Ohio Enacts 10 p.m. Curfew Starting Thursday; Takeout and Delivery Not Affected

CEDARVILLE, Ohio — Starting Thursday at 10 p.m., Ohioans will need to abide a curfew in an effort to curb contact with others.

Gov. Mike DeWine announced the curfew during his coronavirus update Tuesday. Starting Nov. 19 and running for 21 days, retail businesses will need to be closed and Ohioans will be expected to be home by 10 p.m. The curfew lifts at 5 a.m. daily, DeWine said.

“We believe this is going to help,” he said.

The curfew is passed in lieu of closing businesses completely, such as with the shut-down order given earlier in the spring, he said. Rather than shut down businesses, the state is asking residents to limit their activity, including contacts with other people.

“We know if we reduce the number of people we come into contact with every day,” DeWine said, “we reduce the chances of getting the virus. And we reduce the chances of spreading the virus if we unknowingly have it.”

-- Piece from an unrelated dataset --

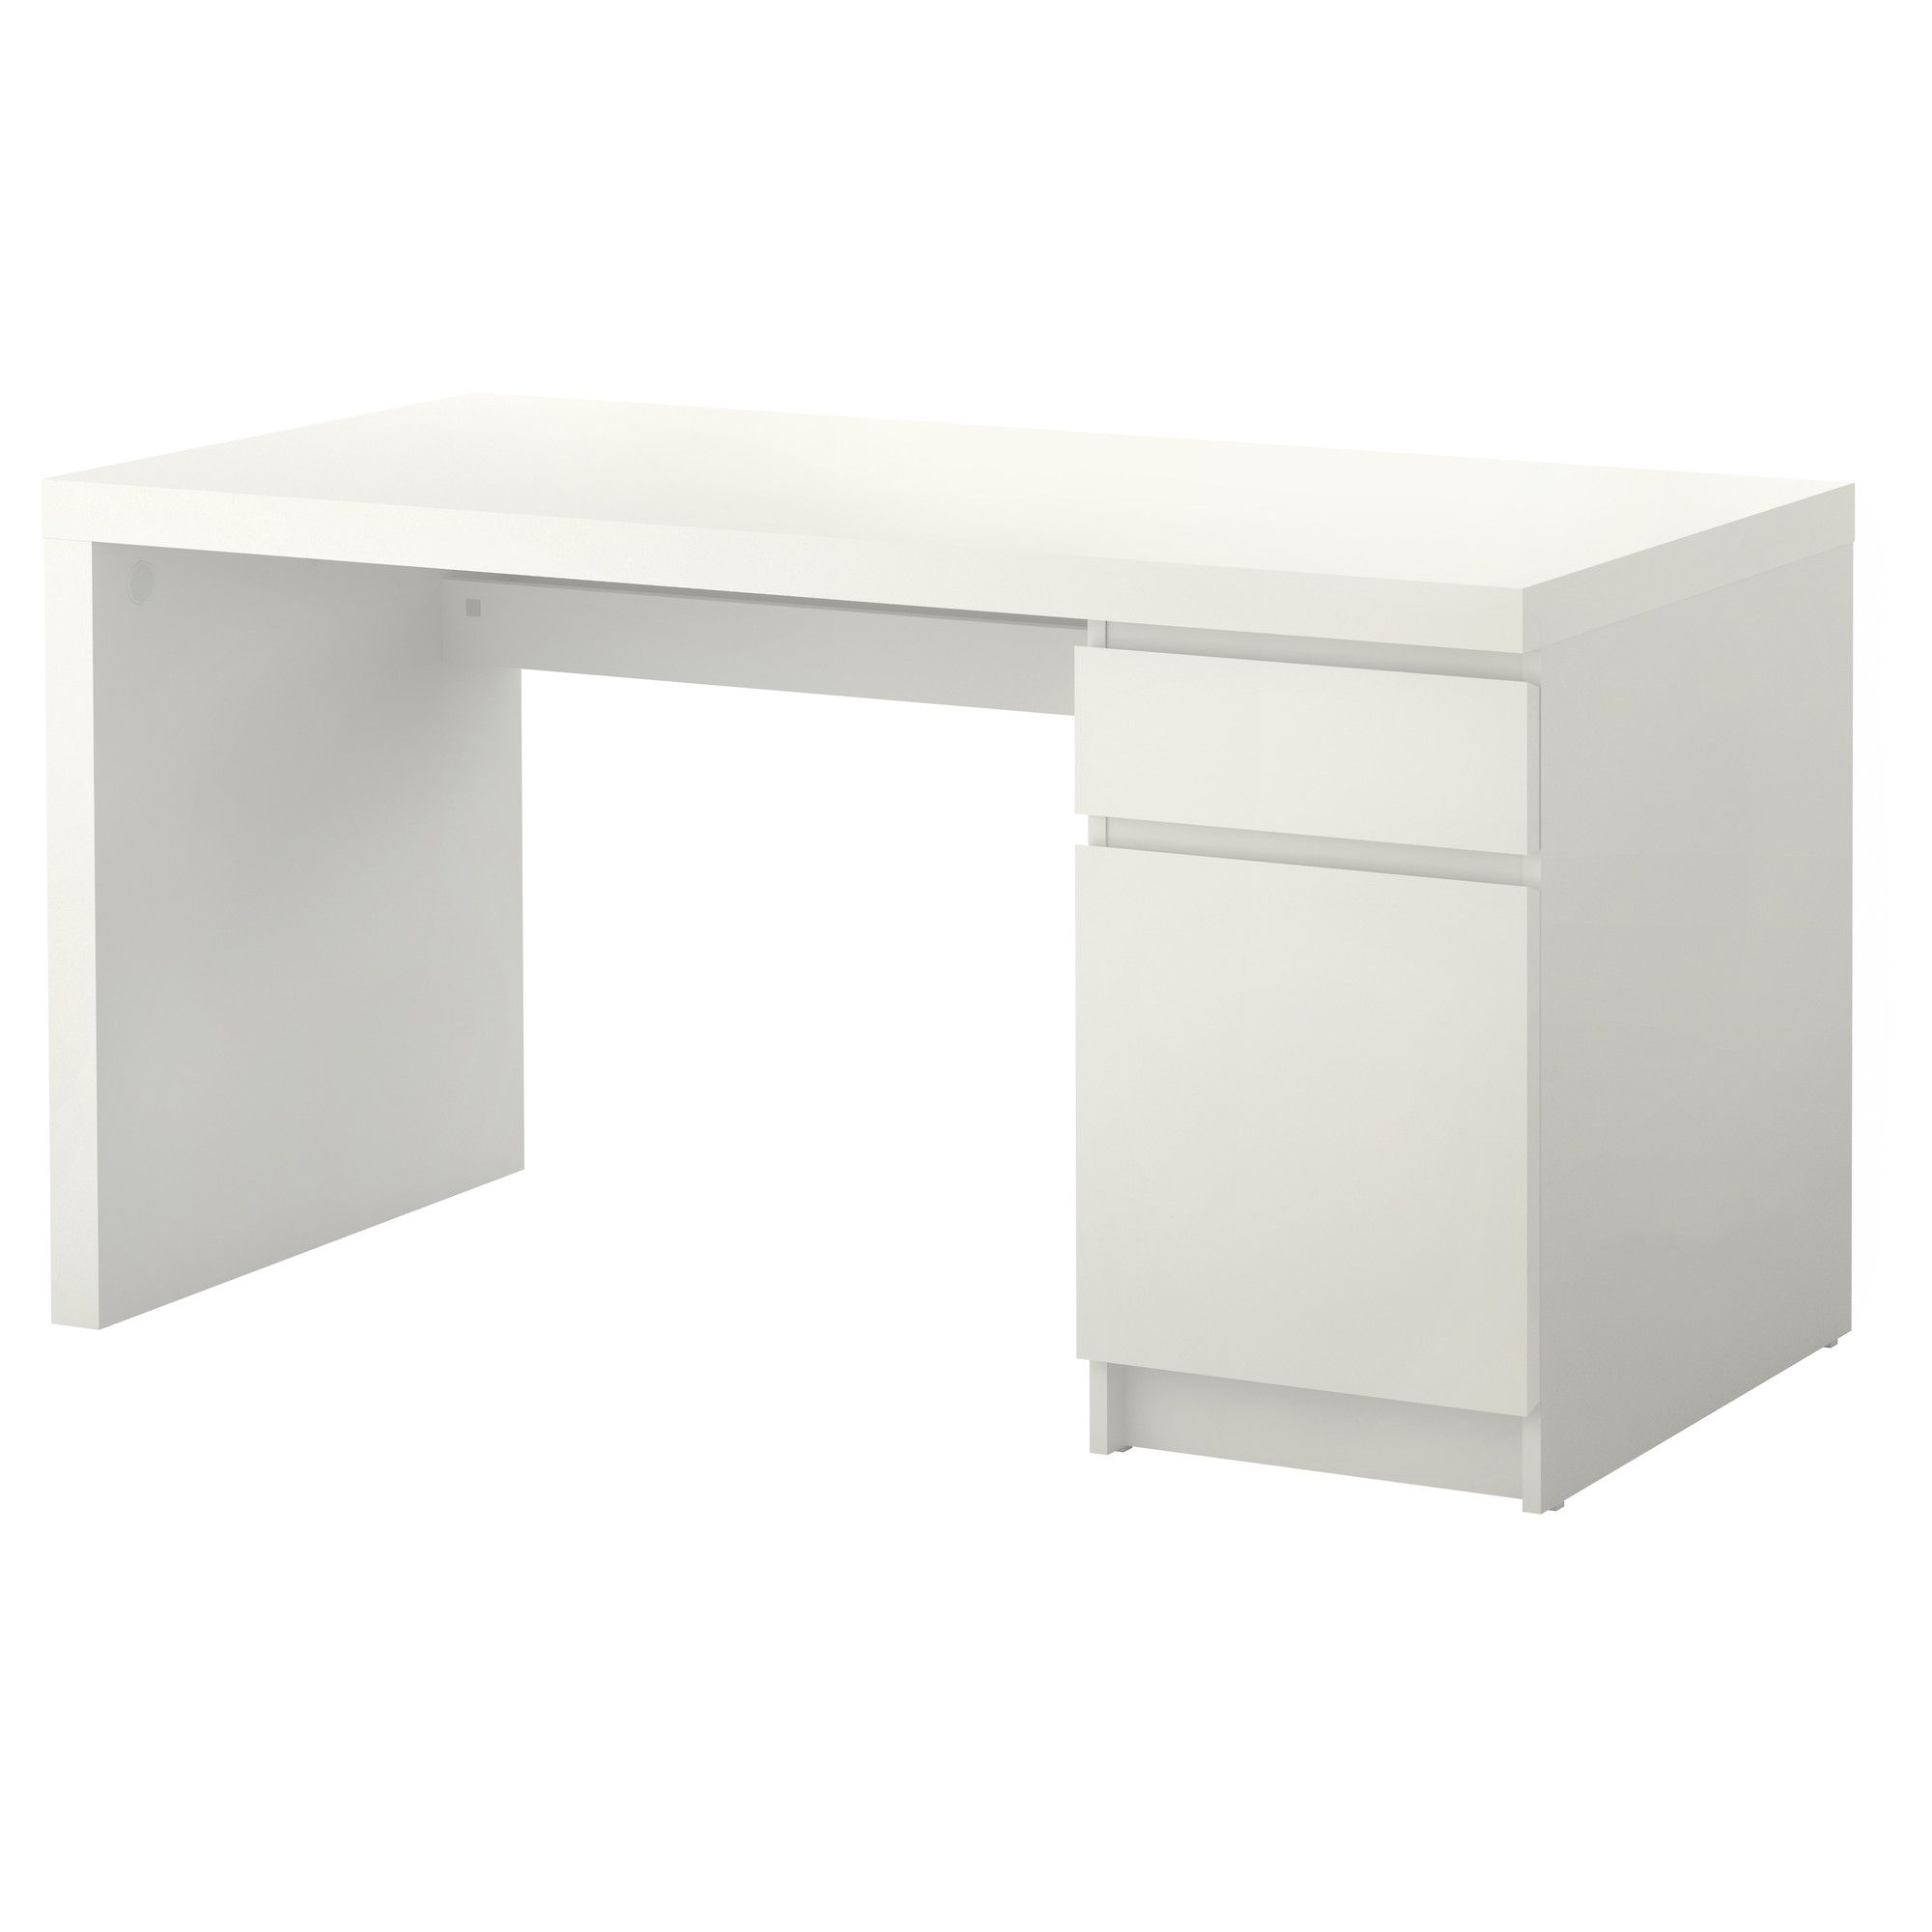 Ikea Australia Affordable Swedish Home Furniture Ikea Malm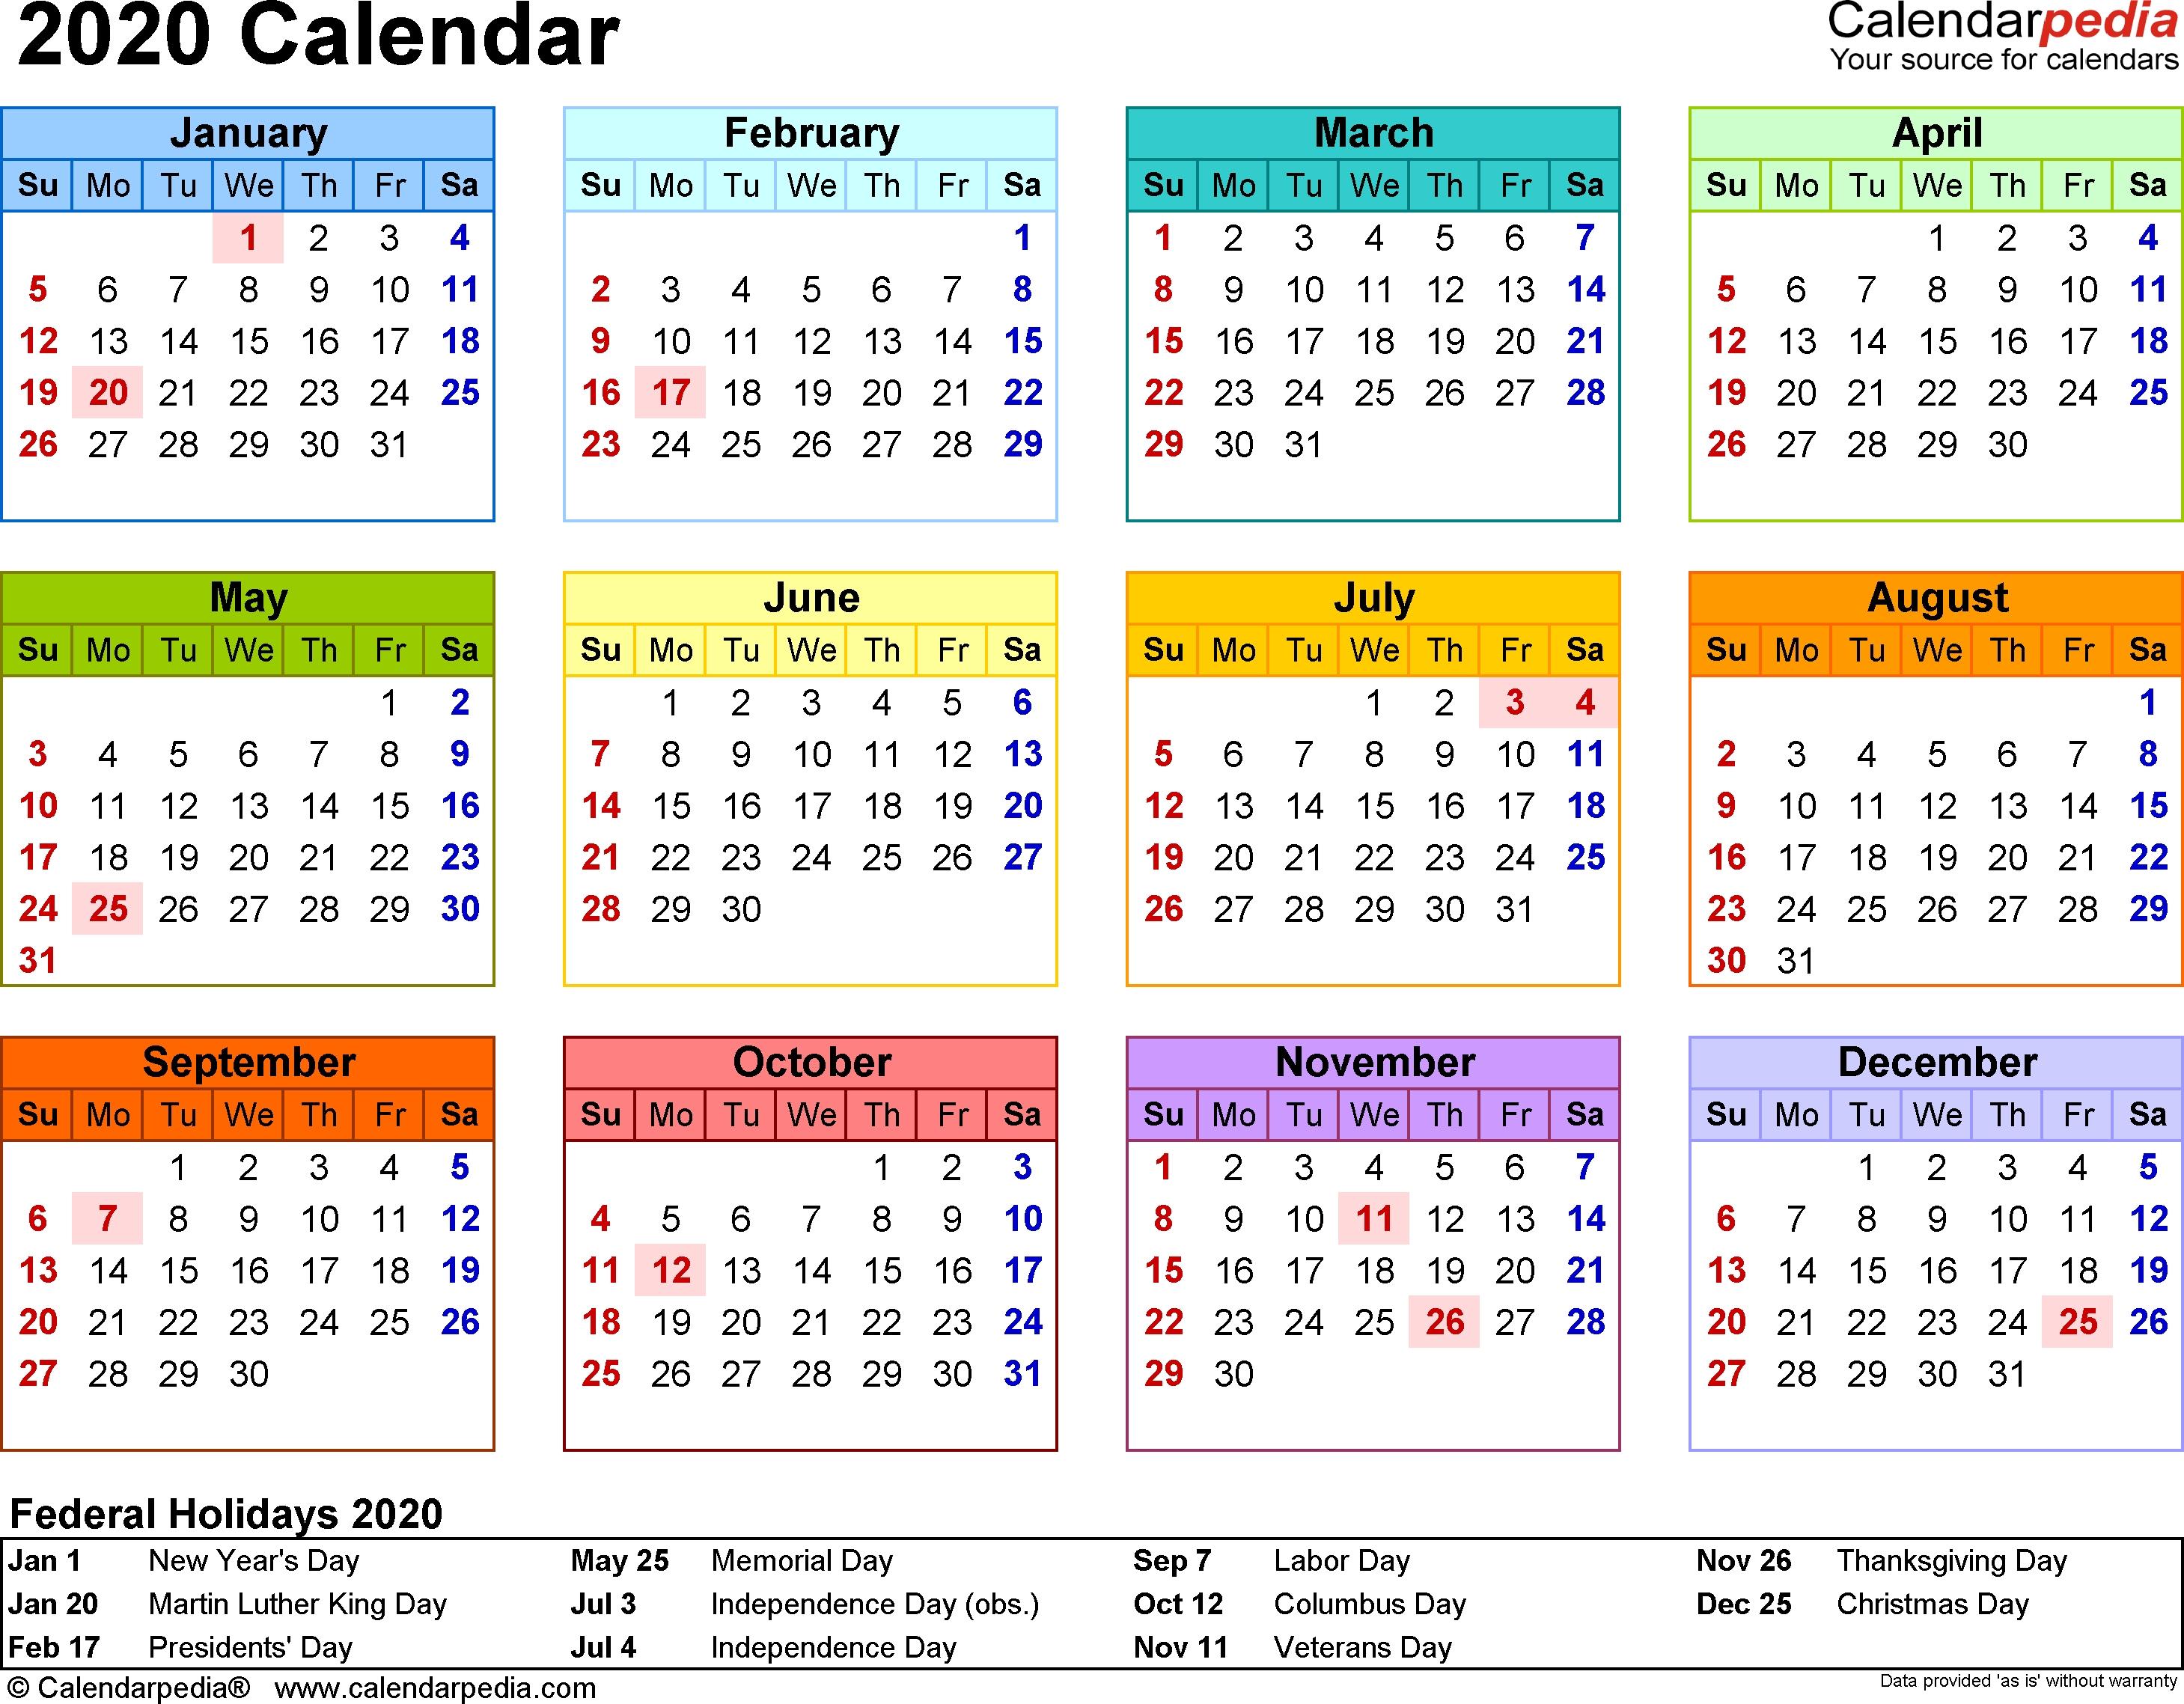 2020 Calendar - 18 Free Printable Word Calendar Templates-Microsoft Word 2020 Calendar Template

As the administration has stated in previous weeks, the goal is to prevent hospitals from being overrun with COVID-19 patients. Over the past 21 days of spread, hospitals have seen those numbers increase to more than 3,600, up from 1,400, reported Lt. Gov. Jon Husted.

“As a result, some of these hospitals have had to accommodate this increase in numbers by slowing, postponing some elective surgeries,” Husted said. “We just can’t see this trend continue without it having a really increasingly negative impact on the way our caregivers provide that care.”

This order is about a week after the governor announced a renewed mask order for retailers, which includes creation of a retail compliance unit composed of agents from the Ohio Bureau of Workers’ Compensation, who will inspect stores. Inspectors went out for the first time on Monday and reported that even before that day, Ohioans were reporting increased numbers of people wearing masks in retail places.

During that announcement, the governor alluded to the possibility of closing down restaurants, bars and fitness centers after a week of consideration. In that time, the administration received contacts from restaurateurs and employees about the impact that would have on an industry that is already enduring heavy sales losses year-over-year.

After speaking with industry representatives, including the Ohio Restaurant Association, it was agreed that the curfew would be the “least disruptive option” to businesses and the economy while still providing a “meaningfully positive impact” for health care providers, Husted said.

John Barker, president and CEO of the Ohio Restaurant Association, agreed, pledging his support of the curfew.

“We think it’s the right step at the right time,” Barker said. “It’s going to allow Ohioans to do their part without having what we thought would be an immediate and disastrous impact on restaurants and thousands of employees if we shut everything down.”

The curfew does not affect carryout and delivery services, which may still run past 10 p.m. It also doesn’t impact anyone getting groceries, going to the pharmacy or who has an emergency.

Barker reported restaurants are operating safely and he has seen “incredible examples all over the state” as locations separate tables, install barriers between tables and booths, increase cleaning and sanitizing and keep up with their personal protective gear, as well as install new air filtration units.

All at a cost when restaurants are seeing year-over-year sales down 20% to 70%, Barker said.

“I think it’s important to recognize that restaurants have done everything to ensure that they’re not spreading the virus,” he said. “We believe the curfew is the best choice to slow things down right now and help everyone understand it’s time to be even more cautious.”